A Meridian representative attends or is on call to join such Committee meetings and private
sessions as the Committee requests. The Committee’s members are authorized to consult directly with
the consultant as desired. Meridian, along with management, provides market comparator group data
to the Committee for use in making decisions on items such as base salary, the Teamshare bonus
program, and the long-term incentive program.

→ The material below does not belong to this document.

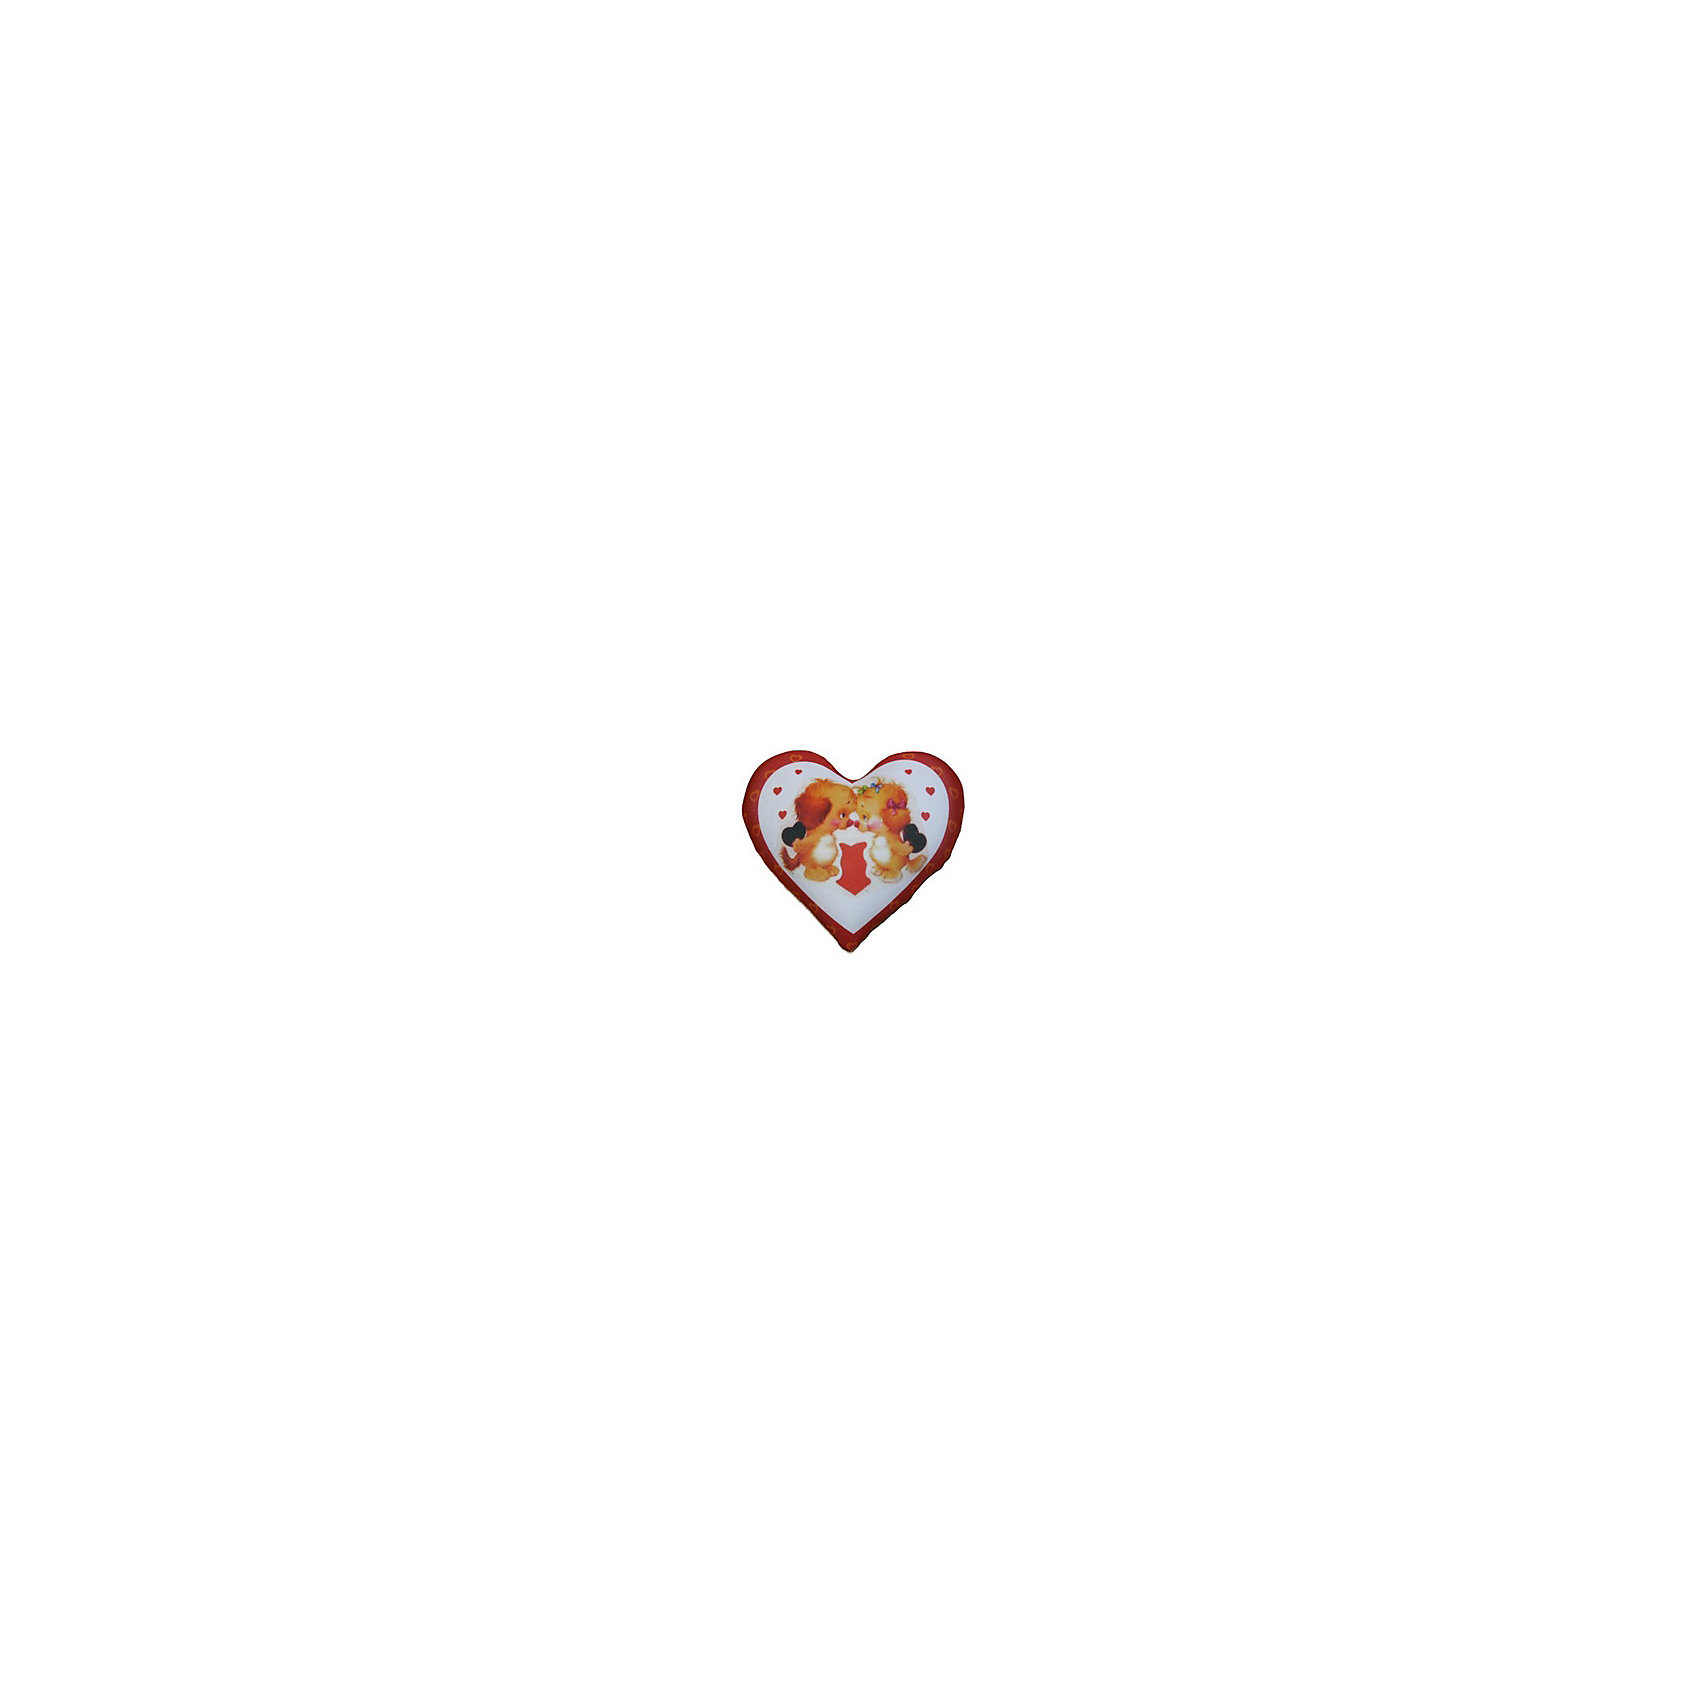 Валентинка-антистресс В18 см, арт. 2585/КР-6
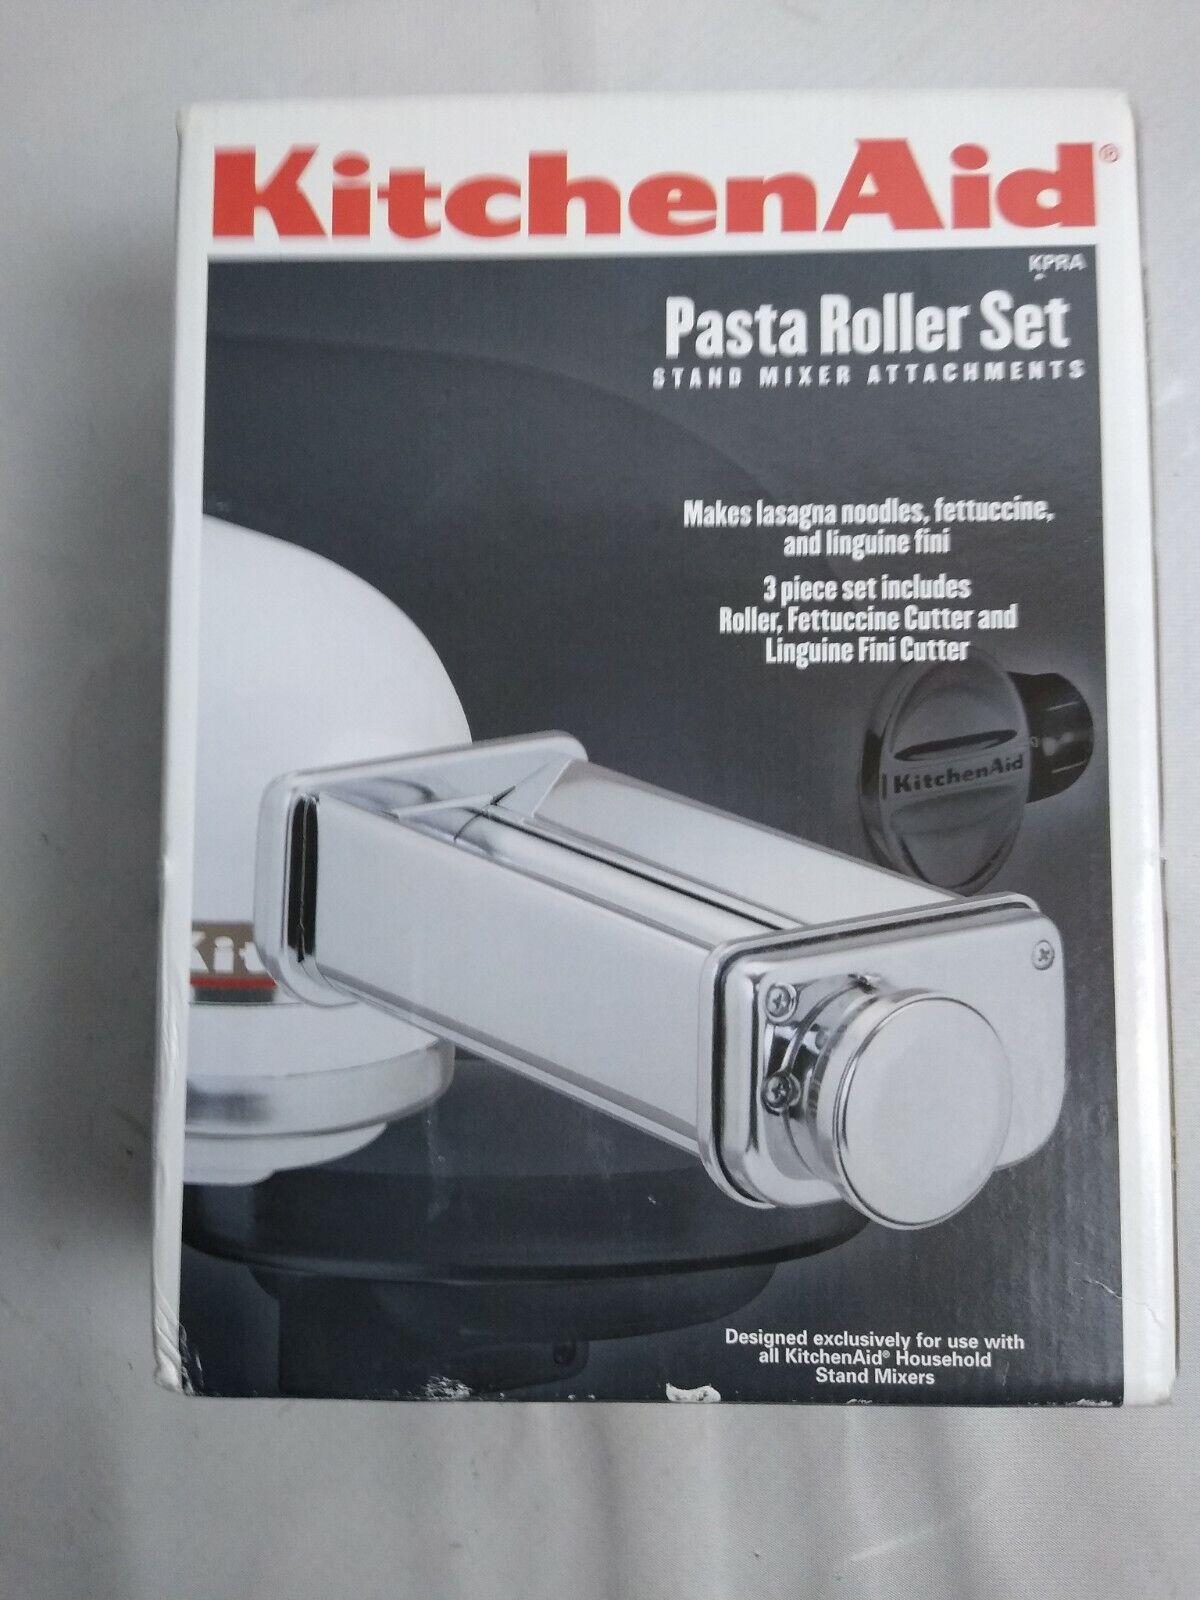 KitchenAid KPRA 3-Piece Pasta Roller and Cutter Set 2 pieces

Meridian did not provide any services to the Company in 2013 unrelated to executive or Board
compensation. The Committee has determined that Meridian is independent from Dollar General and
that no conflicts of interest exist related to Meridian’s services provided to the Committee. The
Committee made these decisions after reviewing information regarding (1) Meridian’s policies and
procedures to prevent conflicts of interest; (2) the fees received from Dollar General in Meridian’s
most recently completed fiscal year, which represented less than 1% of Meridian’s revenues; (3) the
lack of business or personal relationships between Meridian or any Meridian advisor with any of our
executive officers or Committee members during fiscal 2013; and (4) the lack of Dollar General stock
ownership by any Meridian advisor during fiscal 2013.